# Tomas Diagne expert in African Freshwater Turtles and Tortoises this Year’s Co-winner



## Cowboy_Ken (May 10, 2019)

PHOTOGRAPH BY LUCY KEITH-DIAGNE
Tomas Diagne


Tomas Diagne is an expert in African freshwater turtles and tortoises who has been working to save threatened and endangered turtle species in West Africa for the past 25 years. He began rescuing endangered African spurred tortoises as a teenager in Senegal and in 1992 he established S.O.S. (Save Our Sulcata), a nonprofit conservation organization. He also co-founded and built the Village des Tortues in Noflaye, Senegal, a sanctuary and captive breeding facility for African freshwater turtles and tortoises that now houses over 300 individuals and has reintroduced numerous others back to the wild. Tomas has also been active in freshwater and marine turtle research in other countries across Africa. In 2009, he created the African Chelonian Institute to expand turtle research, captive breeding, and the reintroduction of all African turtle species to the wild.

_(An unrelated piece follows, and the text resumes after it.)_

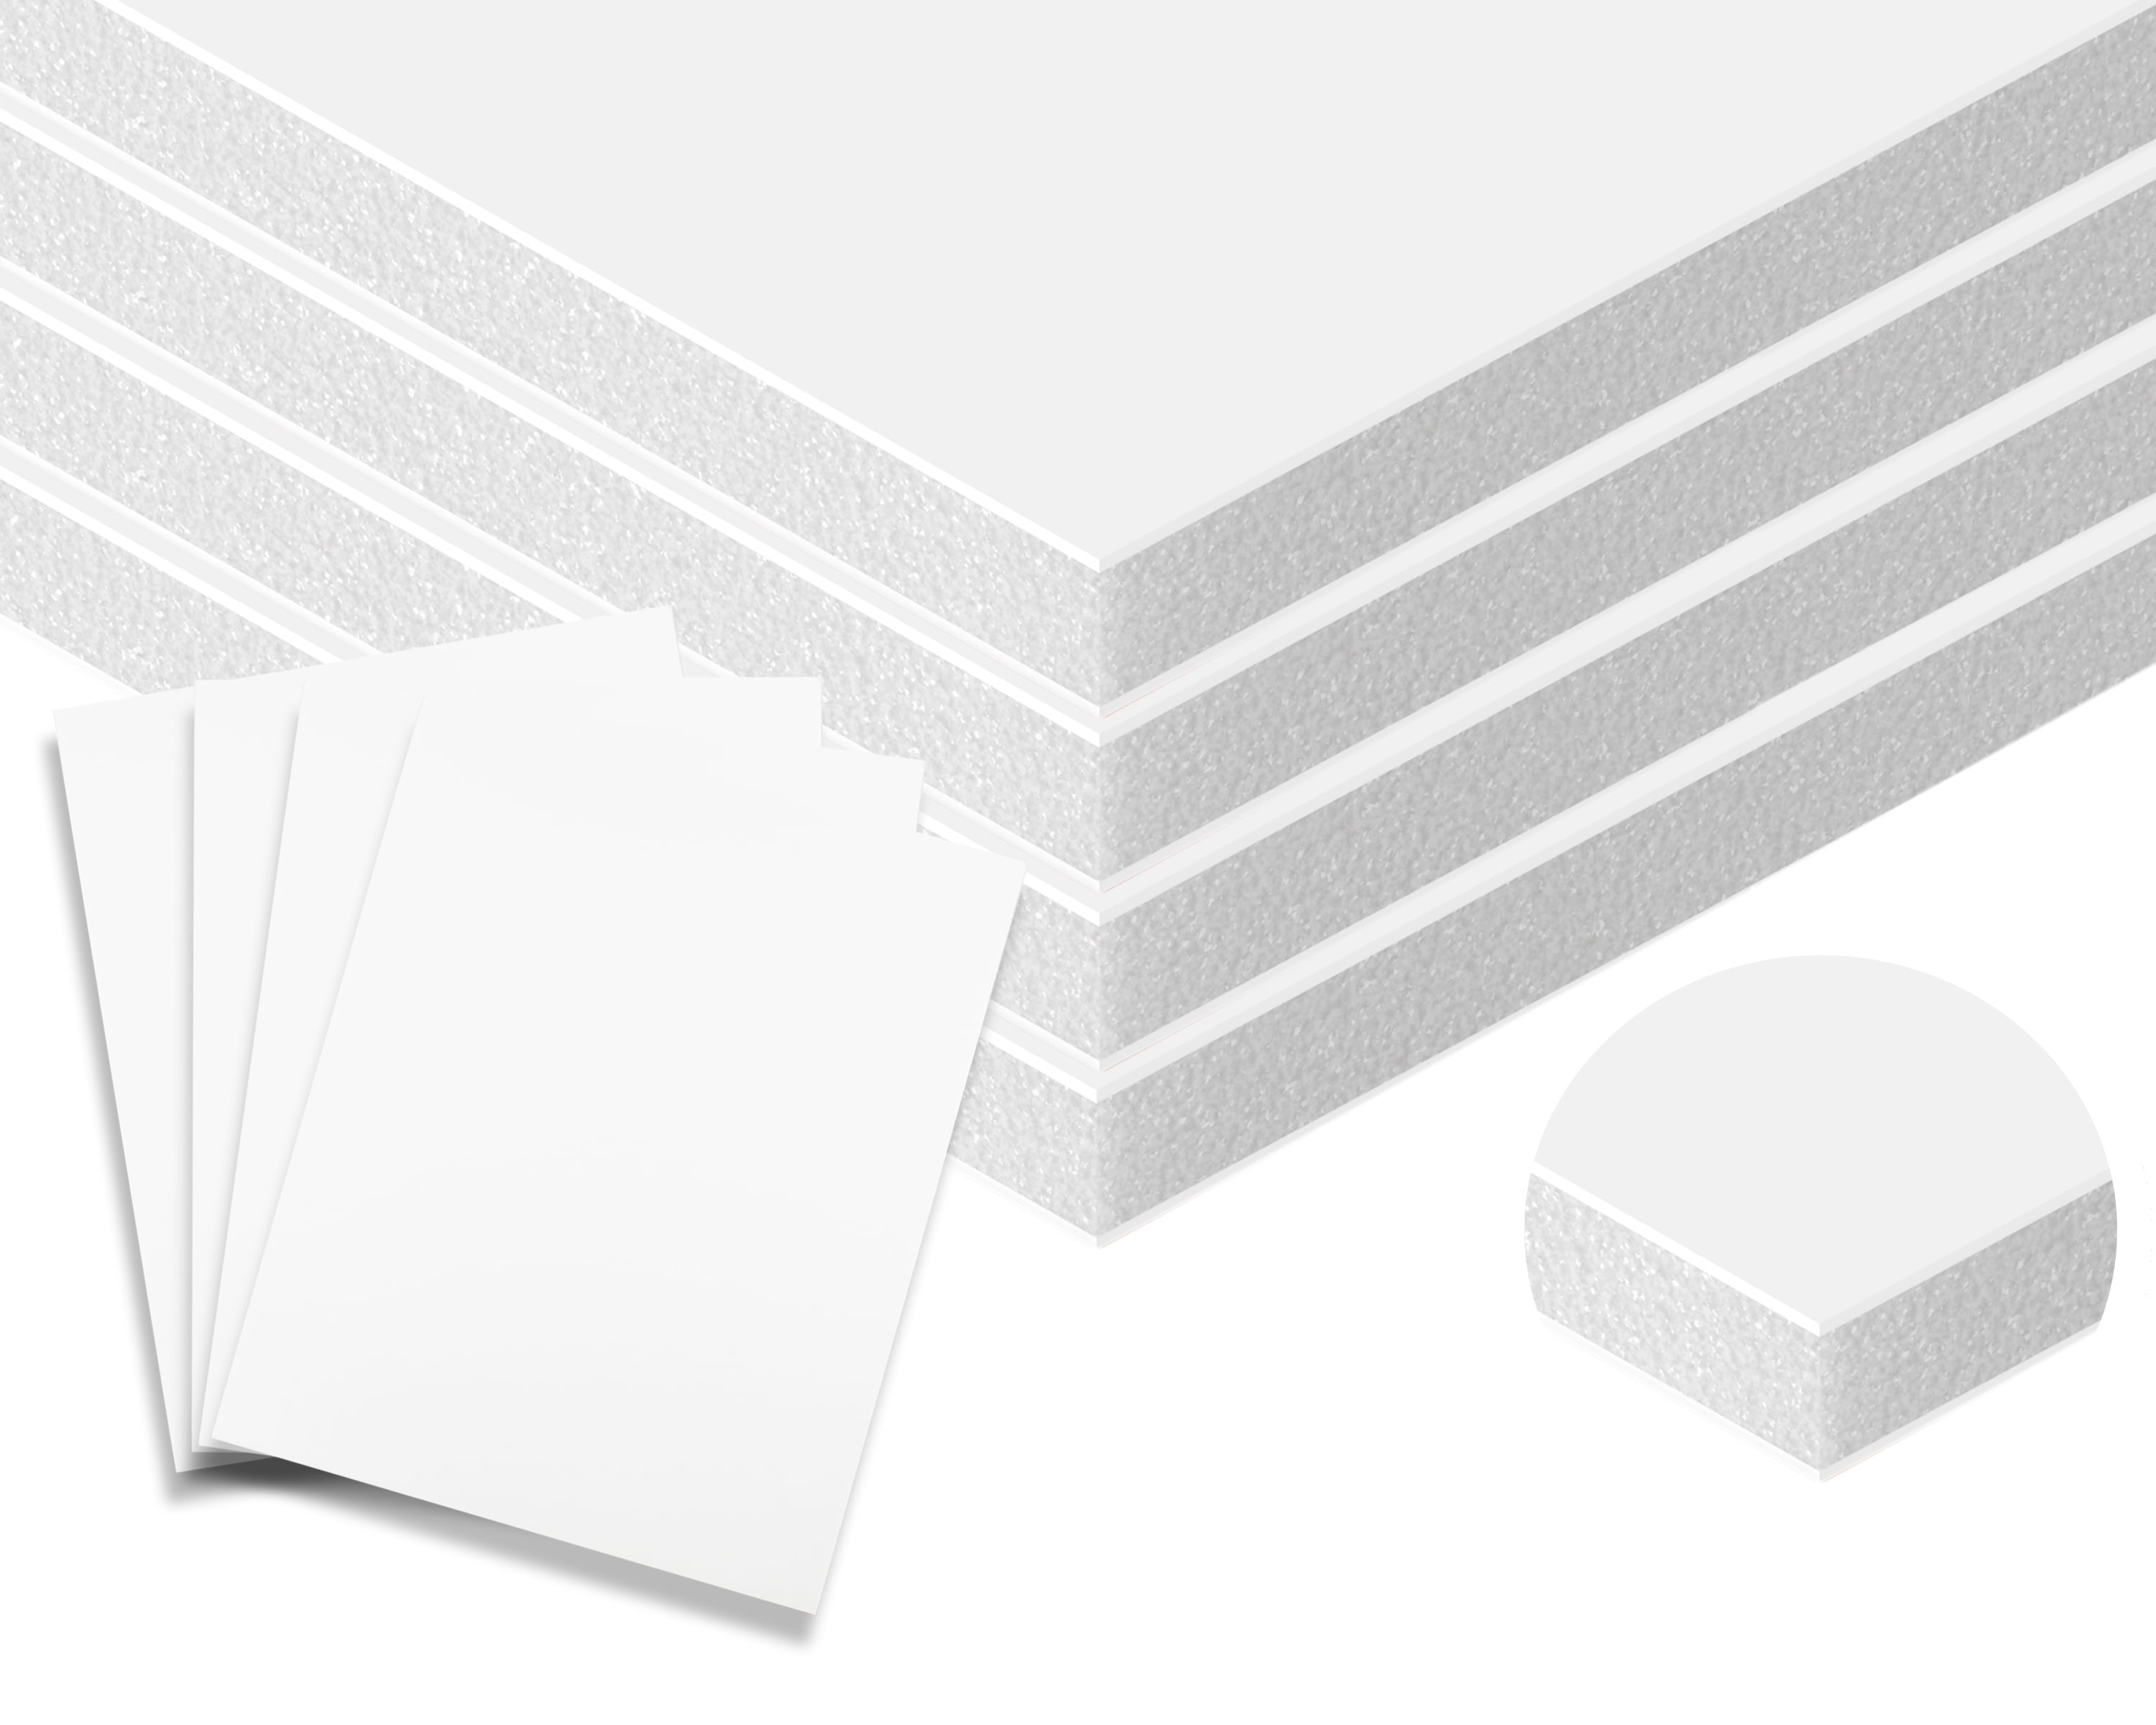 The Supplies Guys: Pacon Spotlight Single-walled Tri-fold Presentation Board

The National Geographic/Buffett Awards for Leadership in Conservation were established in partnership with the Howard G. Buffett Foundation to recognize and celebrate unsung conservation heroes who are working in the field. Two awards are presented each year: one for achievement in Africa and the other for achievement in Latin America. These outstanding individuals have demonstrated leadership in managing and protecting the natural resources in their regions and countries, and are inspirational conservation advocates who serve as role models and mentors.

The awards ceremony will take place in the NGS headquarters in Washington DC June,12th 2019 
Congratulations Tomas !


----------